# Post Your Type and Favorite Dog Breed!



## tanstaafl28 (Sep 10, 2012)

I'm an ENTP and I'm partial to Labs. They're smart, playful, and loving. 

(I'm really more of a cat person though. They're less needy).


----------



## Velcorn (Feb 15, 2016)

ISFP, Golden Retriever.


----------



## Santa Gloss (Feb 23, 2015)

Icy Heart said:


> INTJ.
> 
> Siberian Husky.


Me too! I love their beauty, sense of humor, even their gardening urges, their need for intellectual stimulation and desire to work.

Type ENFP.


----------



## perpetuallyreticent (Sep 24, 2014)

ISFP

Golden Retrievers <3


----------



## Sour Roses (Dec 30, 2015)

INFJ

- Jack Russell Terrier


Jacks always make more sense to me among dogs. They are so very smart, super aware & sharp... feisty, but really loyal and personable at the same time.
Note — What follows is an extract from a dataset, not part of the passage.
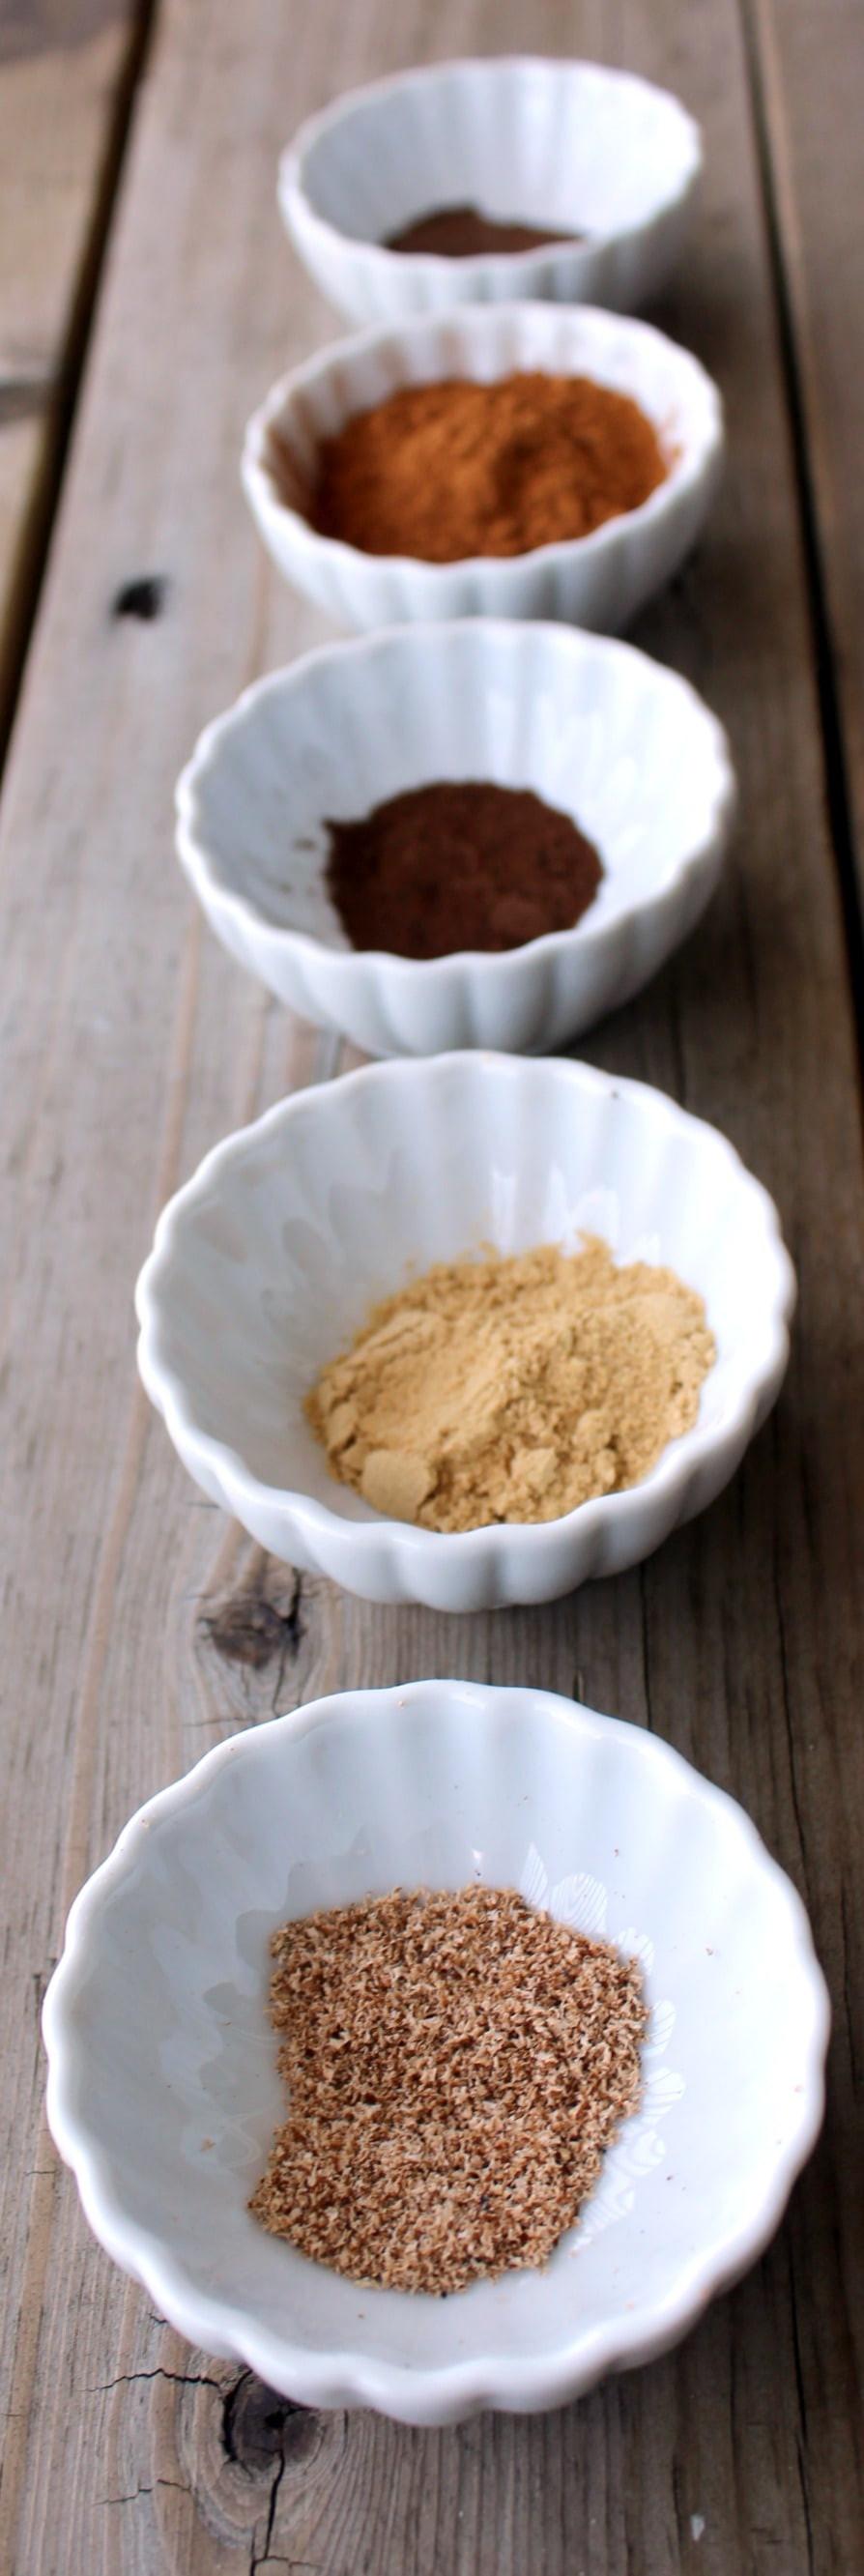 Diy Pumpkin Pie Spice  Homemade Pumpkin Pie Spice Recipe Rachel Cooks

I've had my boy for 6 years now, since he was a pup, and my family has had several since I was a kid, among other breeds of dogs too.

What I love best is the courage... for small dogs, they will take on a much larger threat to protect their family, all-in, no holding back.

And yet our male JRT shares food out of his bowl with the cats, nary a growl ever about it. He lets the tiny Chihuahua puppy chew on the other end of a meaty bone... he's so sweet about it all.


----------



## SilverKelpie (Mar 9, 2015)

INTP 

Saluki. I like their lean shape combined with the accent of a bit of longer fur on their ears and tails. Runners up would be the some of the spitz breeds, like the shiba inu, husky, malamute, etc. I like the more wolf-like ears and general structure (in miniature for the shiba inu).


----------



## CosmoJr (Sep 23, 2016)

INFP - My favourite breed is the schnauzer.


----------



## CosmoJr (Sep 23, 2016)

The Awkward Dragon said:


> INFP
> 
> Definitely Mini Schnauzer (but I'm biased because I own one :tongue.
> 
> ...



I am also an INFP with an INFP wife and we love schnauzers!


----------



## UraniaIsis (Nov 26, 2014)

INFJ...and I'm going to be a little biased here, but a terrier (+poodle) mix.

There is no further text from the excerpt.